Recommended best practice is to start at the first frame, define a cell, advance to the next frame, and then define another cell. If you skip a few frames, that's ok; in the analysis code that uses the lasso log file, the first lasso you defined persists until a new one is available.
You can watch the lasso log file fill up by doing tail -f lasso_log_filename
in a separate terminal window.
When you're done, just quit the notebook.
In [1]:
import os, glob
import tables, pandas
import numpy as np
import warnings
# warnings.filterwarnings('ignore')
warnings.filterwarnings('ignore', category=DeprecationWarning, module='.*/IPython/.*')
In [2]:
%matplotlib qt4
import matplotlib.pyplot as plt
In [3]:
log_path = './DemoNCGridLassoLog.txt'
In [4]:
from lmatools.grid.grid_collection import LMAgridFileCollection
results_dir = "flashsort"
nc_filenames=glob.glob(os.path.join(results_dir, "grid_files/2014/May/26/*_flash_extent.nc"))
nc_field = 'flash_extent'
# print nc_filenames
NCs = LMAgridFileCollection(nc_filenames, nc_field, x_name='longitude', y_name='latitude')

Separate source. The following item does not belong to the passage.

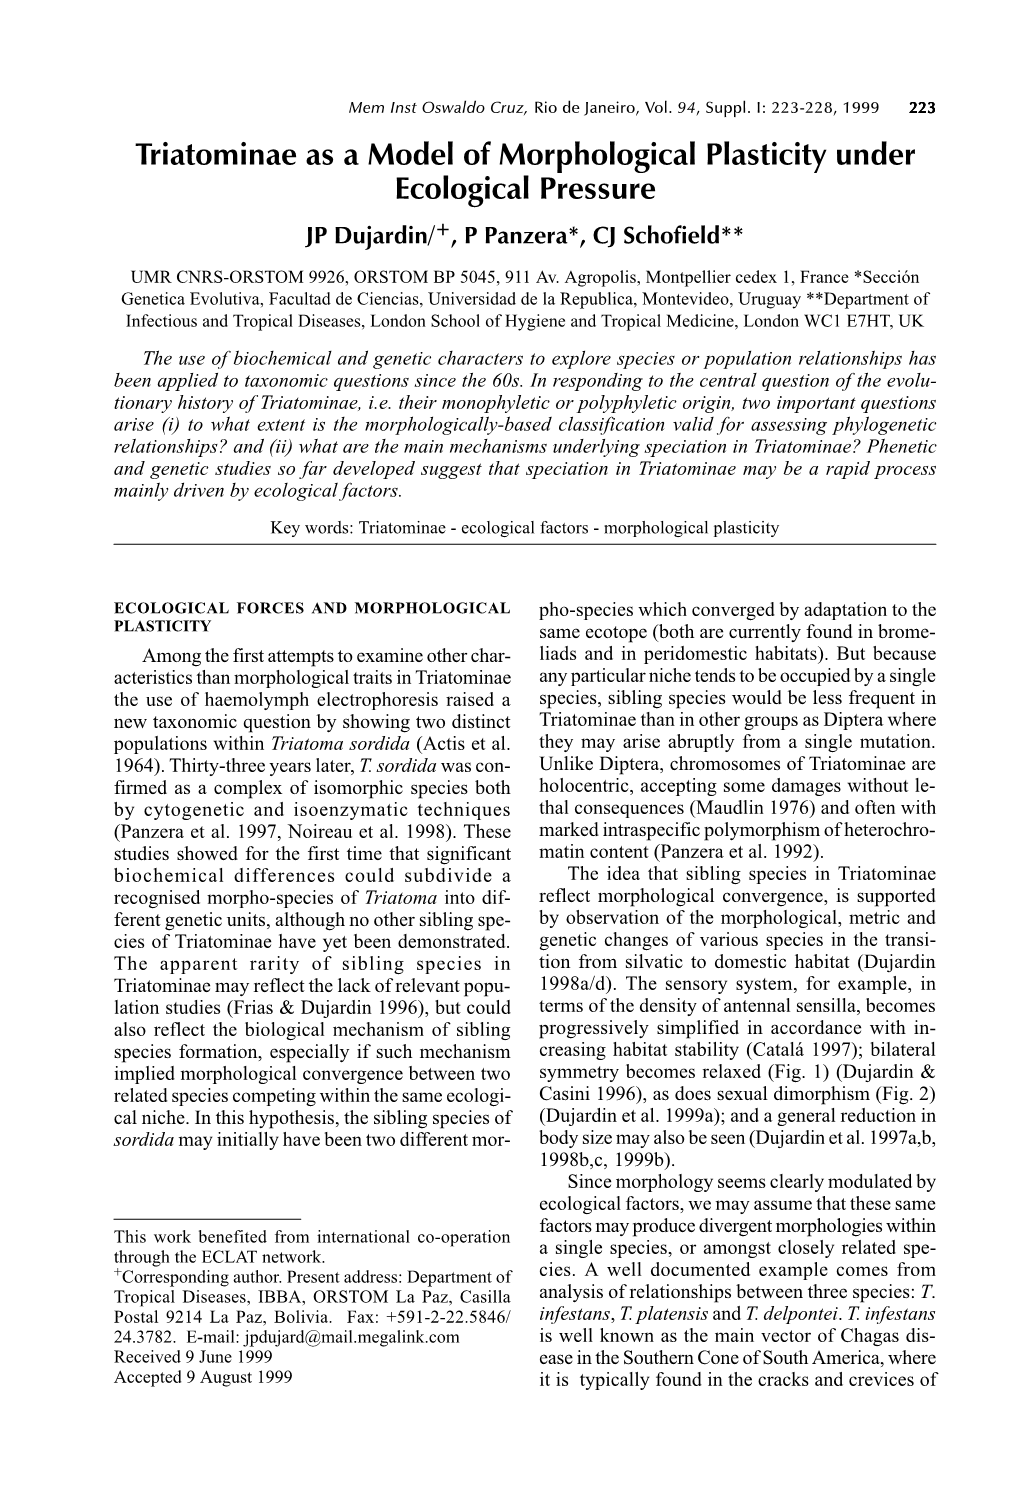 Triatominae As a Model of Morphological Plasticity Under Ecological Pressure JP Dujardin/+, P Panzera*, CJ Schofield**

geosys, mapproj = NCs.get_projection()
In [5]:
# This cell is not necessary for the lasso analysis, but shows how
# one might overlay additional data on the plot in order to guide
# the lasso analyses - in this case, which cell was being sampled by
# two radars scanning in RHI mode?
ka1_loc = -102.13410, 33.30546, 1004.0
ka2_loc = -102.09339, 33.40950, 1018.0
ka1_az = 180. + 163. - 360.0
ka2_az = 0. + 249.
radar_dist = 20.0e3
ka1_dx = radar_dist * np.cos(np.deg2rad(90.0-ka1_az))
ka1_dy = radar_dist * np.sin(np.deg2rad(90.0-ka1_az))

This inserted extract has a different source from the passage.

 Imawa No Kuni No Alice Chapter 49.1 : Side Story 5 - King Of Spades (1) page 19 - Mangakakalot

ka2_dx = radar_dist * np.cos(np.deg2rad(90.0-ka2_az))
ka2_dy = radar_dist * np.sin(np.deg2rad(90.0-ka2_az))
ka1_xyz = mapproj.fromECEF(*geosys.toECEF(*ka1_loc))
ka2_xyz = mapproj.fromECEF(*geosys.toECEF(*ka2_loc))
ka1_radial = [[ka1_xyz[0], ka1_xyz[0]+ka1_dx],
[ka1_xyz[1], ka1_xyz[1]+ka1_dy]
]
ka2_radial = [[ka2_xyz[0], ka2_xyz[0]+ka2_dx],
[ka2_xyz[1], ka2_xyz[1]+ka2_dy]
]
def plot_ka(lasso_widget, ax):
ax.plot(ka1_radial[0], ka1_radial[1], 'k')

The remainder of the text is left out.